Dito isto, é essencial saber se essas inovações, que encontram diversos obstáculos a nível nacional, ou local, têm a mínima hipótese de serem aplicadas e funcionarem ao nível da UE. Também não tenho a certeza disso. O que significa que devemos escolher entre uma solução muito provavelmente ineficaz e outra praticamente impossível.

A mudança é necessária e urgente. A incapacidade da UE em tomar decisões leva-nos direitos ao desastre. Um reforço dos mecanismos tradicionais da democracia na União poderá destravar processos de tomada de decisão a curto prazo, mas a longo prazo parece contraprodutivo. Por exemplo, é óbvio que as eleições presidenciais diretas levariam ao poder uma personalidade mais forte do que Herman Van Rompuy, mas será que estaríamos melhor se, com o apoio da Mediaset e da News Corporation, esta outra pessoa fosse Silvio Berlusconi?

Onda de solidariedade

A deterioração da solidariedade social é outro feito marcante do nosso contexto atual. Na maioria dos países, observa-se cada vez mais uma resistência na aceitação de transferências. Os ricos de hoje partilham ainda menos a sua riqueza com os pobres, apoiando-se numa forte ideologia para justificar esta rejeição. O que tanto diz respeito às transferências entre classes, como entre gerações ou até mesmo entre regiões.

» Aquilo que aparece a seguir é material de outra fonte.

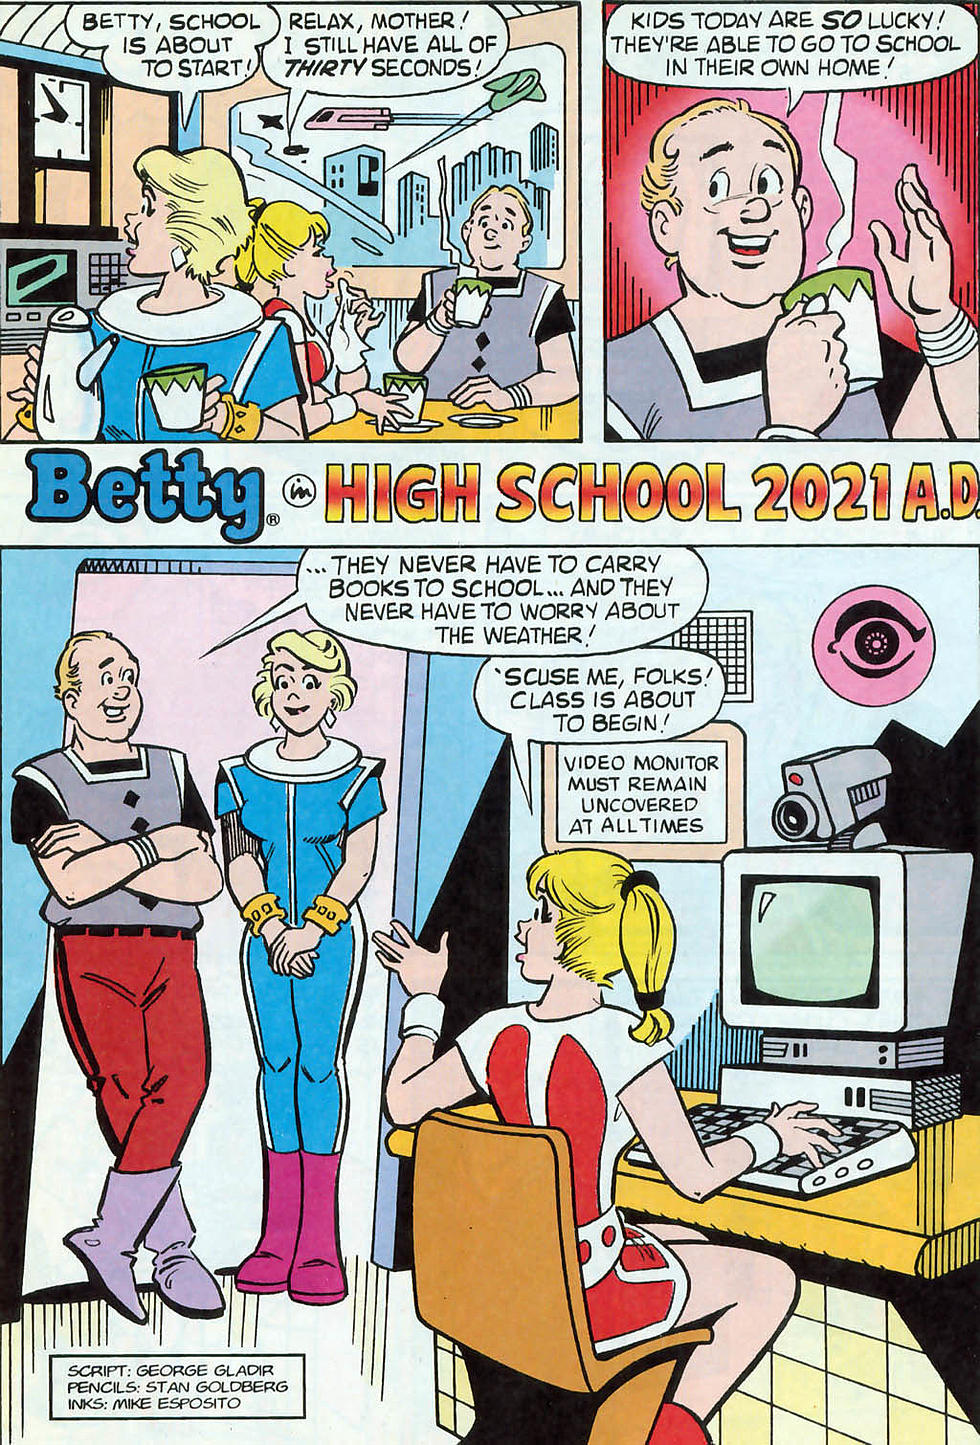 Did Archie Comics Predict the Pandemic in 1997?

No entanto, sem o reforço da solidariedade, não será possível vencer eficazmente a crise, nem manter a União Europeia na sua forma atual. Isto deve-se ao fosso cada vez maior entre certos países que enfrentam atualmente problemas sérios e os que estão relativamente bem, como também ao facto de toda a Europa estar envolvida num problema comum, isto é, a mundialização e os diversos processos de mudanças sociais que num futuro próximo vão baixar significativamente o nosso nível de vida (há quem fale de um recuo de 20%). Neste contexto será ainda mais difícil esperar uma onda de solidariedade.

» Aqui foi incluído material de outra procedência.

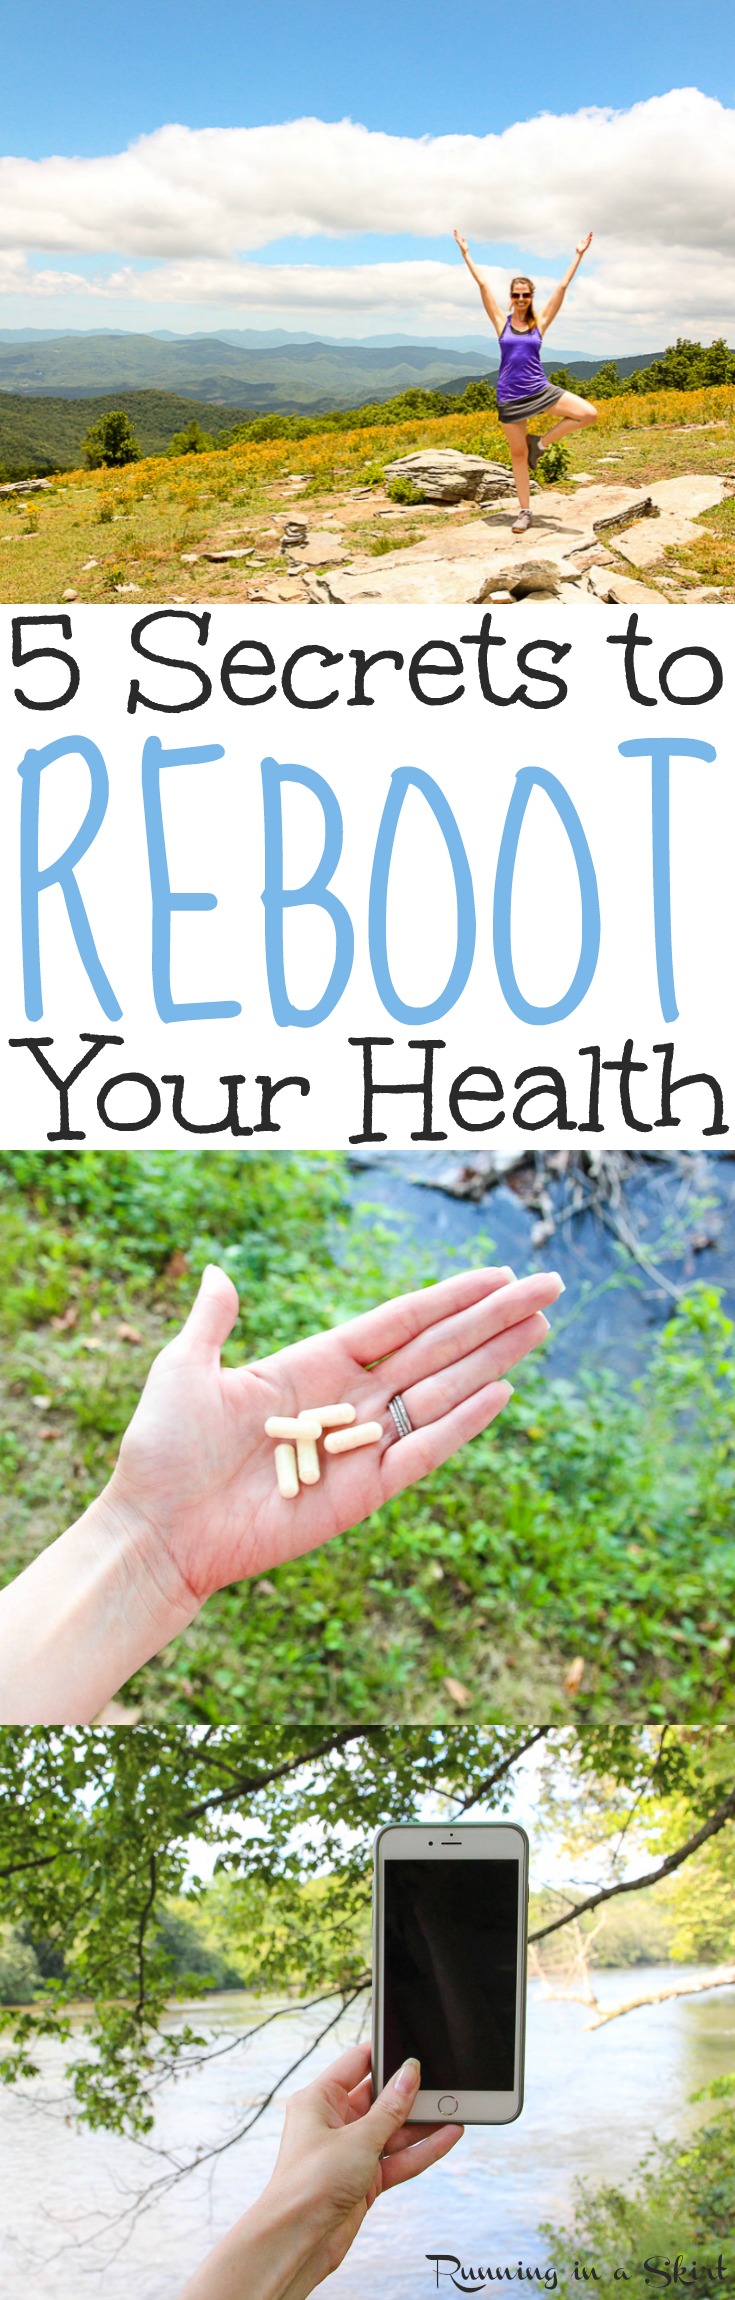 5 Health Secrets to Reboot Your Life!  Including simple motivation tips, daily healthy habits and benefits of the best probiotics. Also looks at natural remedies and ways eating better can make you feel healthier and happier in your own skin. / Running in a Skirt via @juliewunder

Esses dois fatores, a deterioração da cidadania e da solidariedade, levam-me a pensar que nem a crise que a União enfrenta, nem as medidas propostas para a resolver têm um caráter institucional. A forma das instituições europeias, bem como a sua impotência, refletem a situação sociocultural atual; quanto ao agravamento da crise, representa a deterioração dos fundamentos sociais e culturais da União.

Crise da democracia representativa

Isto não é uma sentença de morte. Não acredito na morte da União, porque não vejo nenhuma vida aceitável para as gerações presentes fora dela. O desmoronamento do euro será prejudicial para todos (sobretudo a Alemanha) e o desmoronamento da União Europeia seria uma catástrofe comparável a uma grande guerra. Felizmente, há muita consciência disso na Europa, pelo menos entre as elites políticas.

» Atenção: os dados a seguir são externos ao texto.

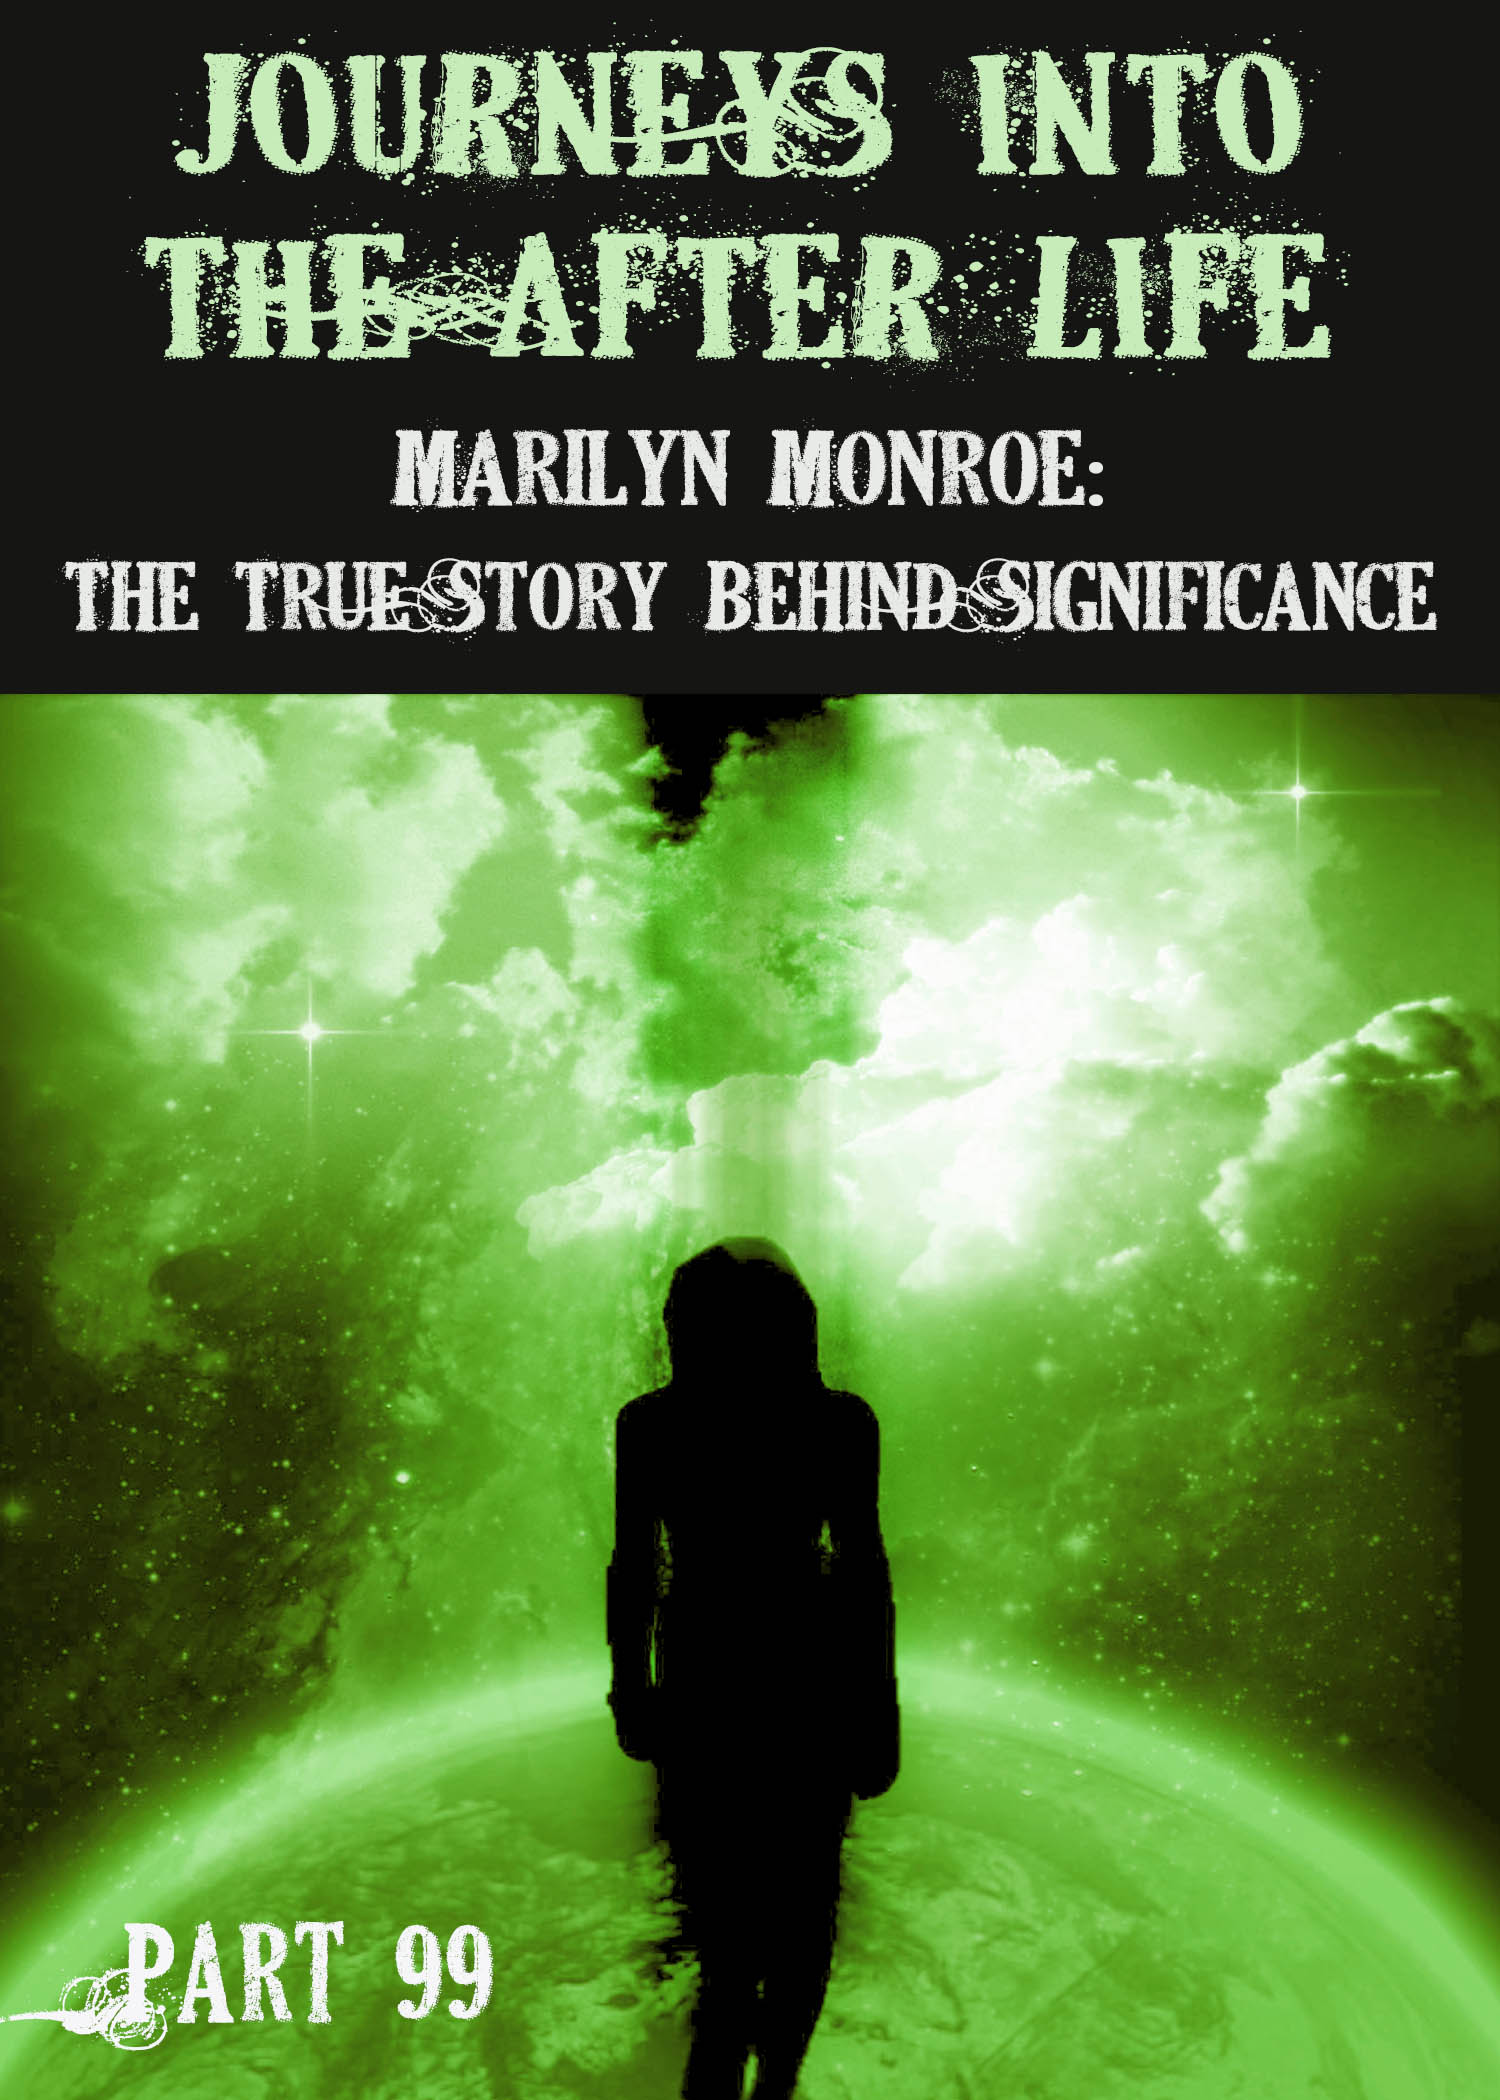 Marilyn Monroe The True Story Behind Significance Journeys Into The Afterlife Part 99 Eqafe

Mas os pequenos esquemas técnicos, institucionais, jurídicos e constitucionais não darão nada a longo prazo, caso não consigamos atingir a cultura e as instituições. A crise económica (financeira e da dívida) tem fundamentos políticos, é uma consequência da crise da democracia representativa.

A crise da democracia representativa é de origem cultural e resulta da deterioração da cidadania e da solidariedade. As medidas eficazes devem, independentemente da dificuldade intelectual e política, ter em conta a natureza sociocultural das tensões atuais, sem se concentrarem apenas na gestão diária desta criatura não identificada que é hoje a União Europeia.